| What to produce |
Your output should be the lines from the one containing "Etra Tan Suede" through the end of the listing, exact and inclusive, with no pictures.

| Input data |
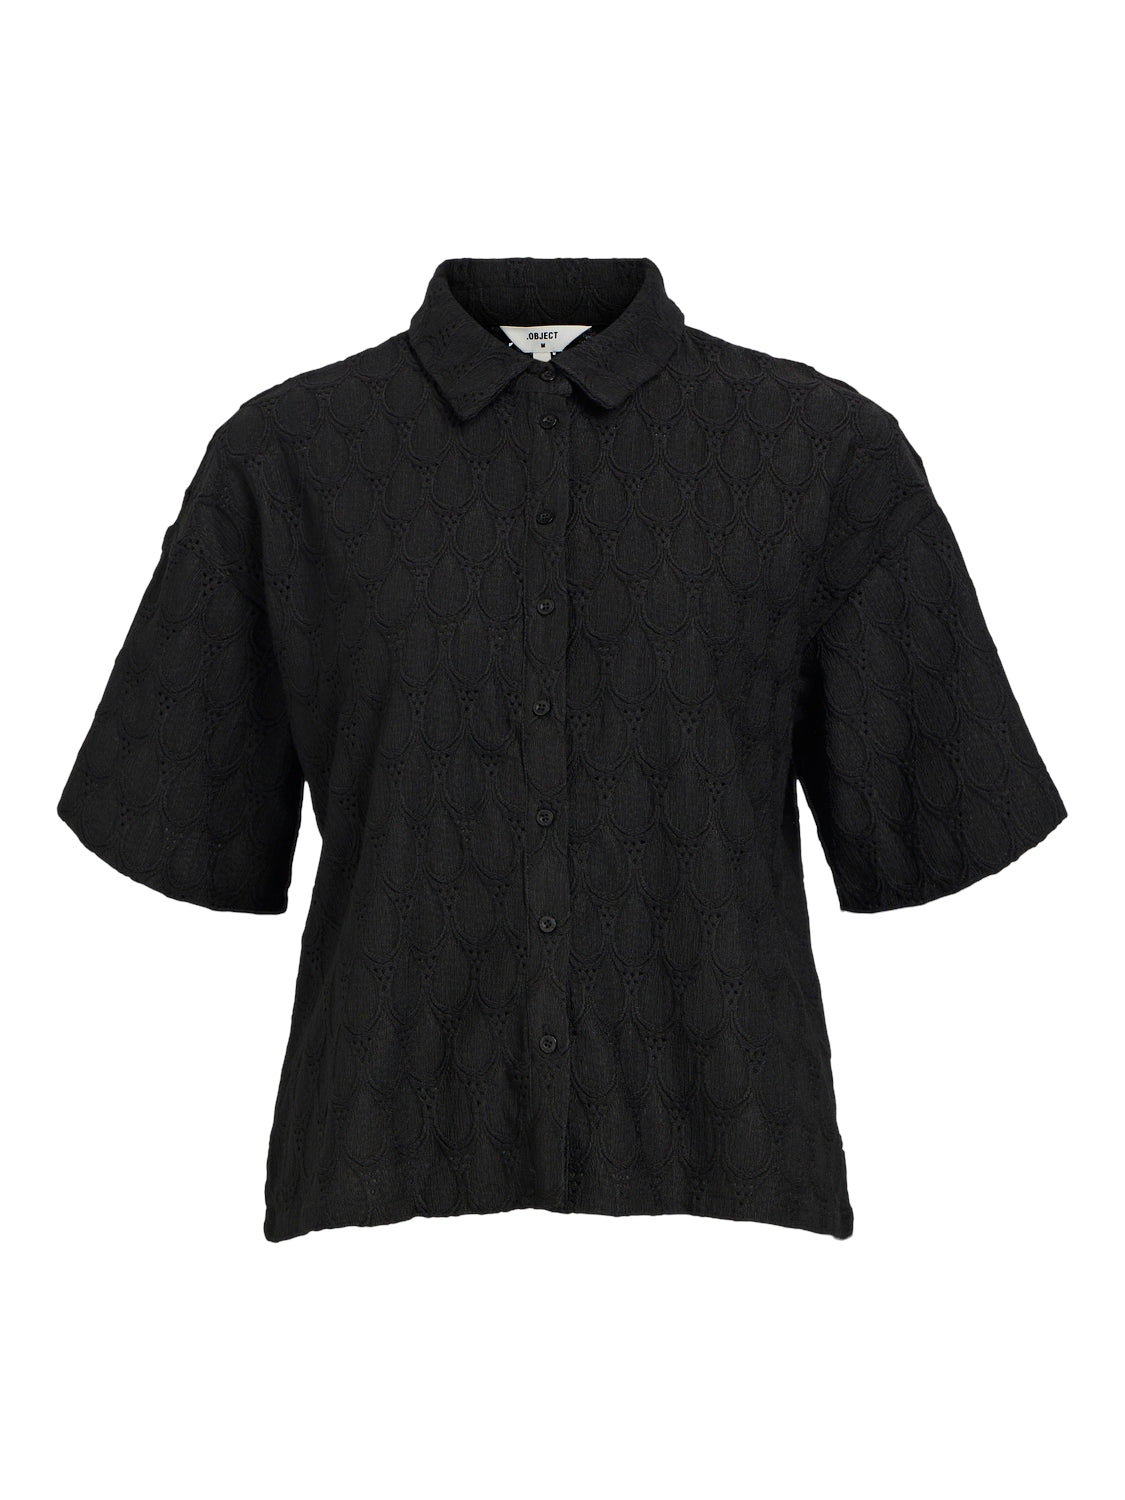 Object Feodora 2/4 Shirt, Black
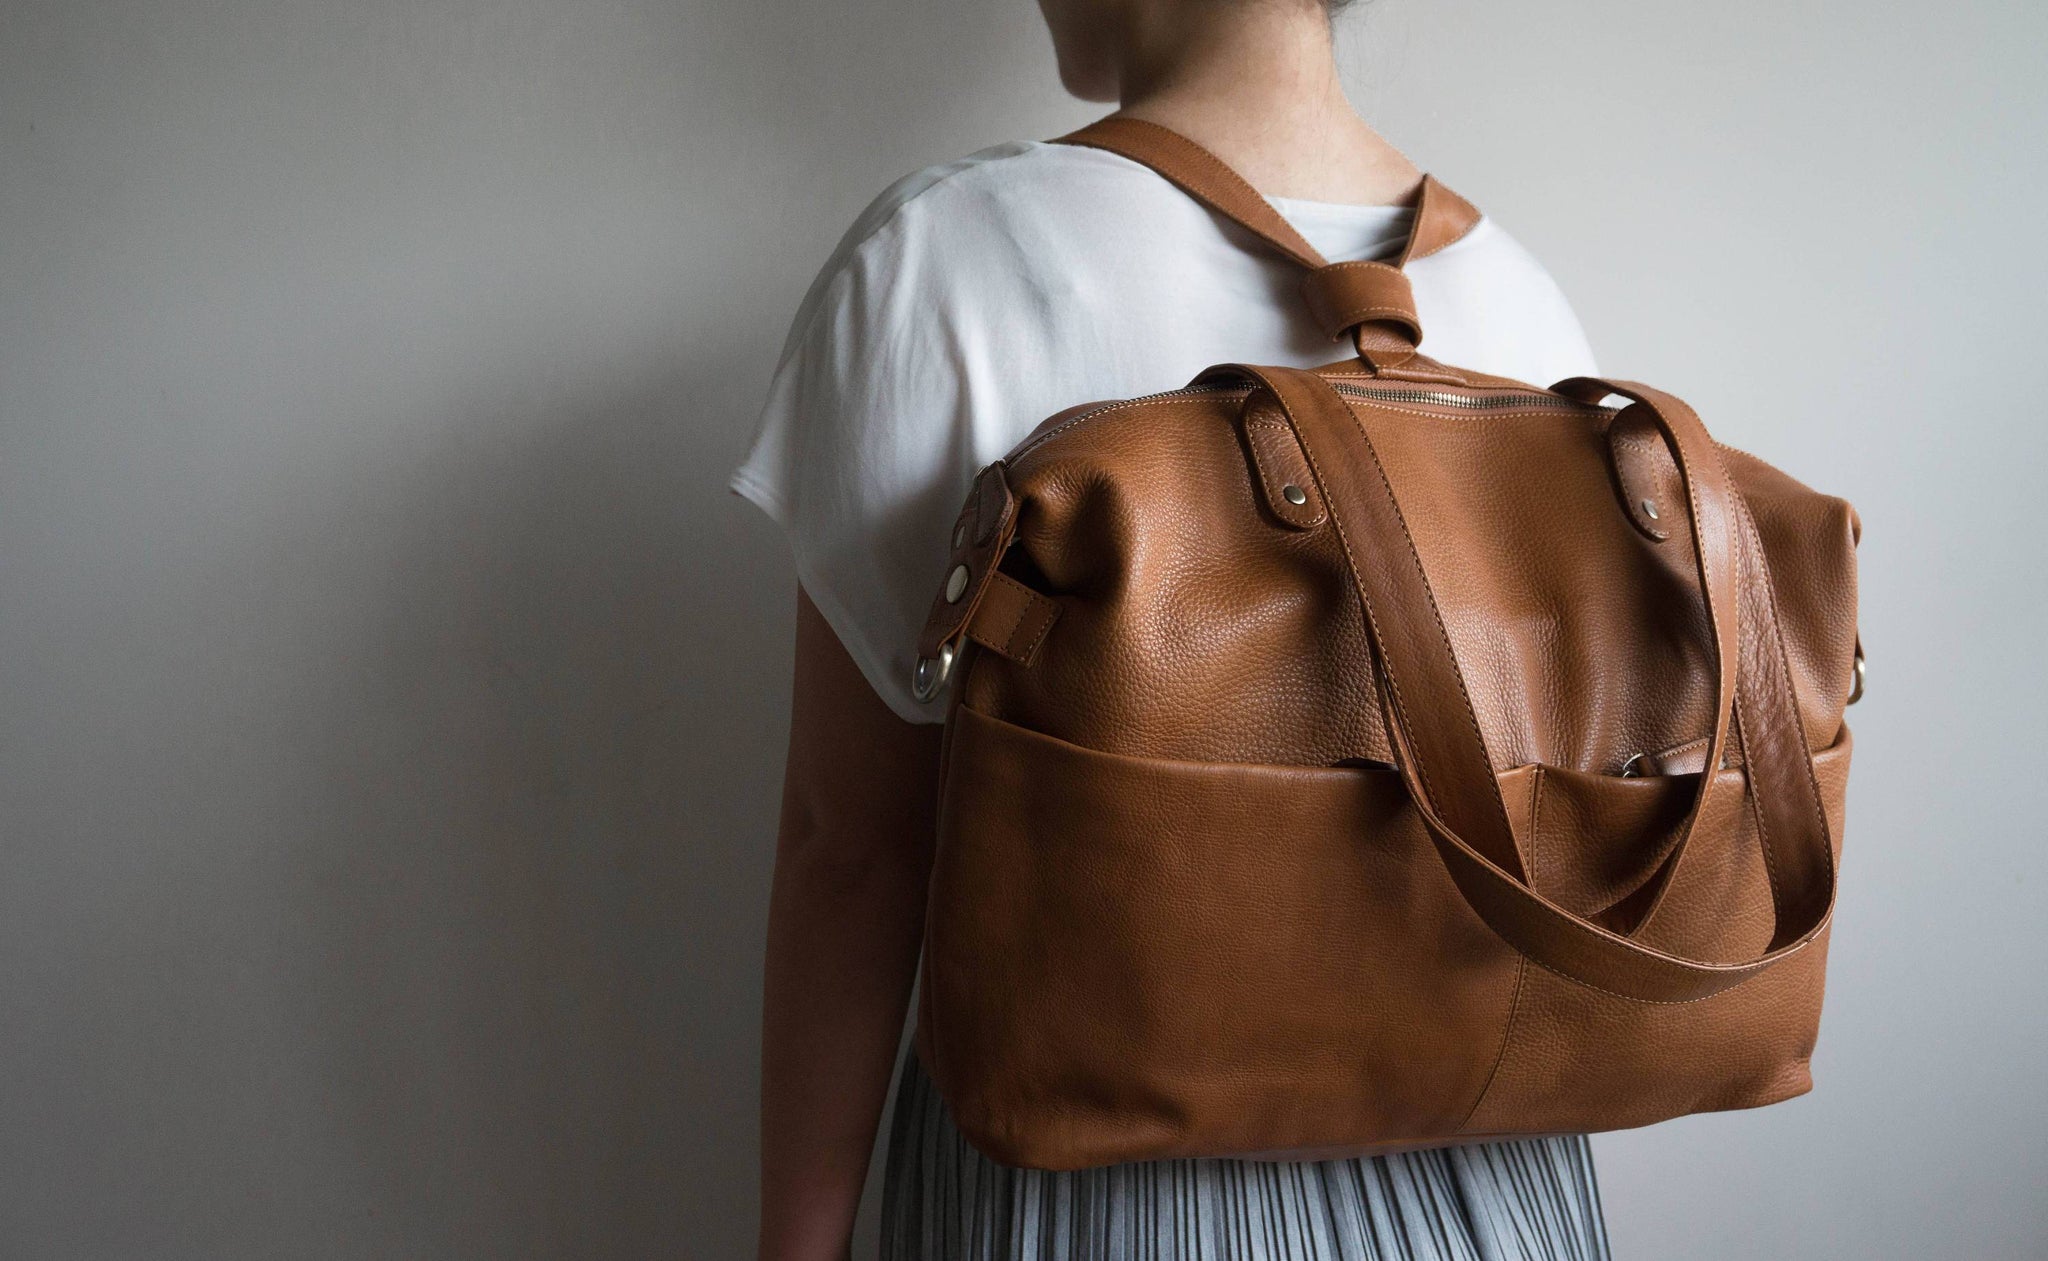 Etra Tan Suede Leather Clutch Purse / Shoulder Bag Convert - Ruby Lane
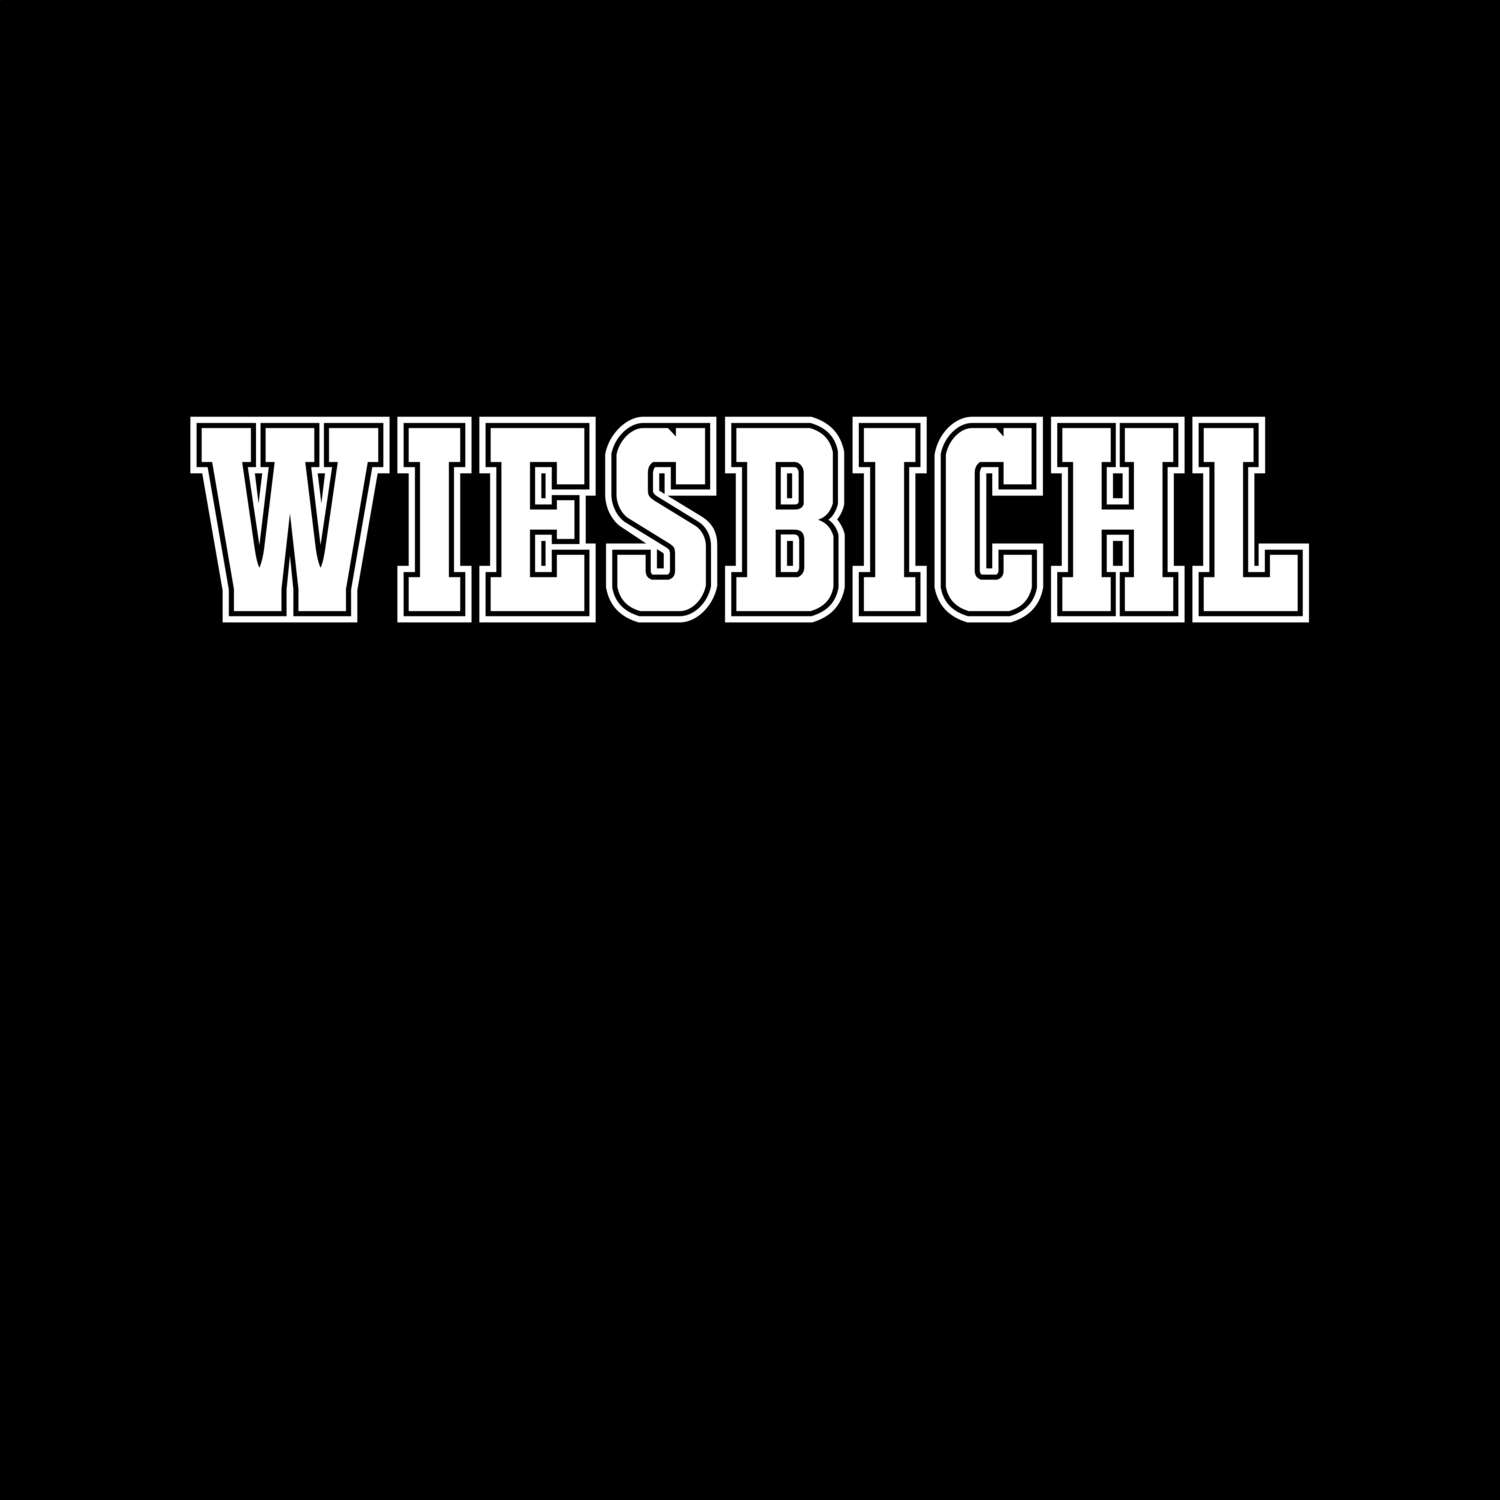 Wiesbichl T-Shirt »Classic«

| Completed exercise |
 Etra Tan Suede Leather Clutch Purse / Shoulder Bag Convert - Ruby Lane
 Wiesbichl T-Shirt »Classic«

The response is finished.